9.3 VDI et virtualisation
- SMB3 est utilisé pour stocker et partager des disques virtuels (VHDX) dans Hyper-V (via SMB Direct, SMB Multichannel), améliorant la performance et la résilience.
9.4 Cloud et conteneurs
- Des solutions type Azure Files (Microsoft Azure) s'appuient sur SMB3 pour fournir un partage de fichiers managé dans le Cloud.
10. Perspectives et tendances
- Désactivation de SMB1 : Fait désormais partie des bonnes pratiques de sécurité.
- Renforcement de la sécurité : Les versions SMB3.1.1 introduisent des mécanismes plus robustes de négociation sécurisée.
- Intégration avec le cloud : Services de fichier managés qui exposent des points de montage SMB pour simplifier la migration et la cohabitation on-premise/cloud.
11. Conseils et bonnes pratiques
- Utiliser SMB2 ou SMB3 : Désactiver SMB1 sauf nécessité absolue (compatibilité avec de très vieux systèmes).
- Activer la signature et/ou le chiffrement : Pour protéger l'intégrité et la confidentialité des données échangées.
- Mettre à jour régulièrement : Les correctifs de sécurité du protocole et des implémentations (Windows, Samba) sont cruciaux.

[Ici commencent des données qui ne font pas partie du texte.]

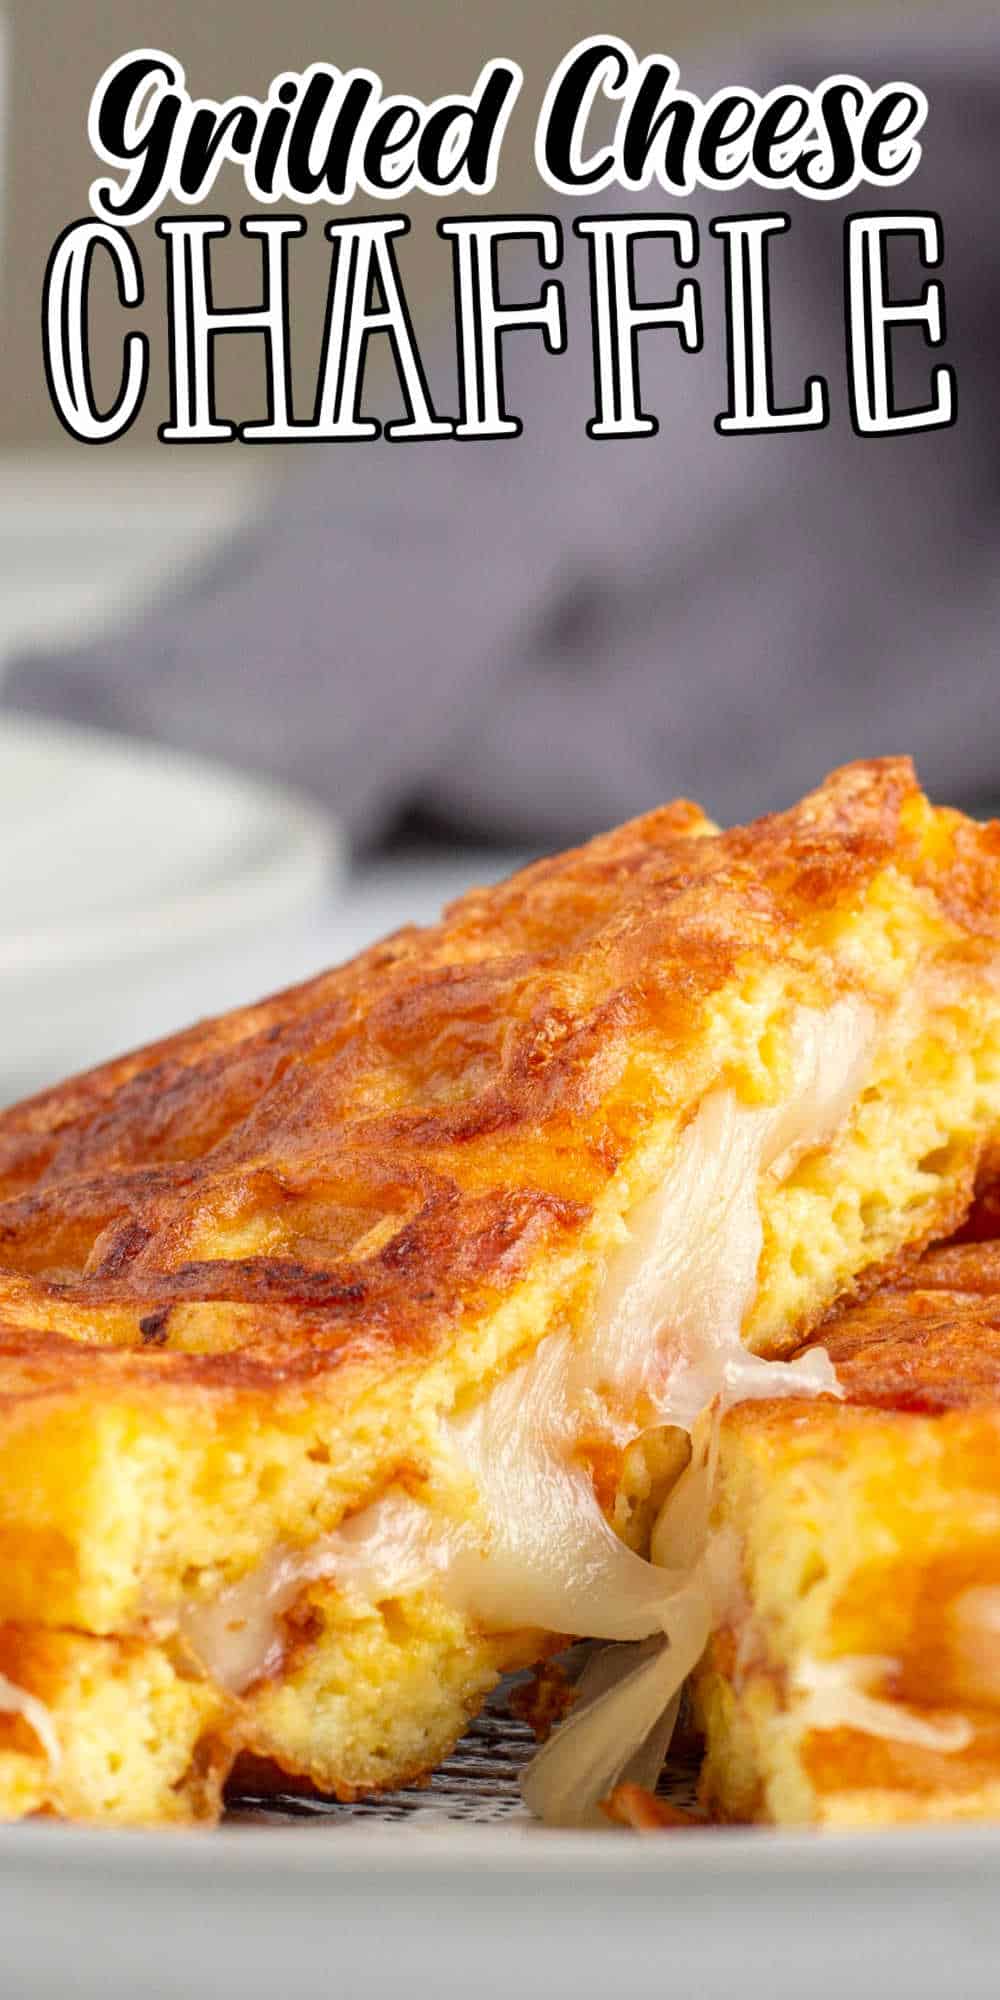 Keto Grilled Cheese Chaffle Recipe • Low Carb Nomad

- Contrôler l'accès réseau : Limiter l'accessibilité des ports 139 et 445 depuis Internet, segmenter le réseau si nécessaire.
- Gérer soigneusement les ACL : Sur les systèmes Windows et Samba, s'assurer que seules les personnes autorisées accèdent aux ressources.
12. Conclusion
Le protocole SMB est un pilier incontournable des environnements informatiques modernes pour le partage de fichiers et d'imprimantes. Son évolution, de SMB1/CIFS vers SMB3, reflète la volonté d'améliorer la performance, la sécurité et la robustesse du protocole. Aujourd'hui, il demeure :
- Omniprésent : utilisé dans les systèmes Windows, macOS, Linux (via Samba), la plupart des NAS, etc.
- Flexible : adapté à de multiples scénarios (petits réseaux domestiques, grandes entreprises, stockage virtuel, etc.).
- Critique sur le plan de la sécurité : nécessite une configuration soignée pour éviter les failles liées à SMB1 et s'assurer d'une authentification solide, voire d'un chiffrement complet (SMB3).
En maîtrisant les fondamentaux de SMB (négociation de versions, authentification, gestion des partages, signatures et chiffrement), vous pouvez bâtir et maintenir un environnement de partage de ressources performant et sécurisé, quel que soit le mélange de systèmes d'exploitation déployés.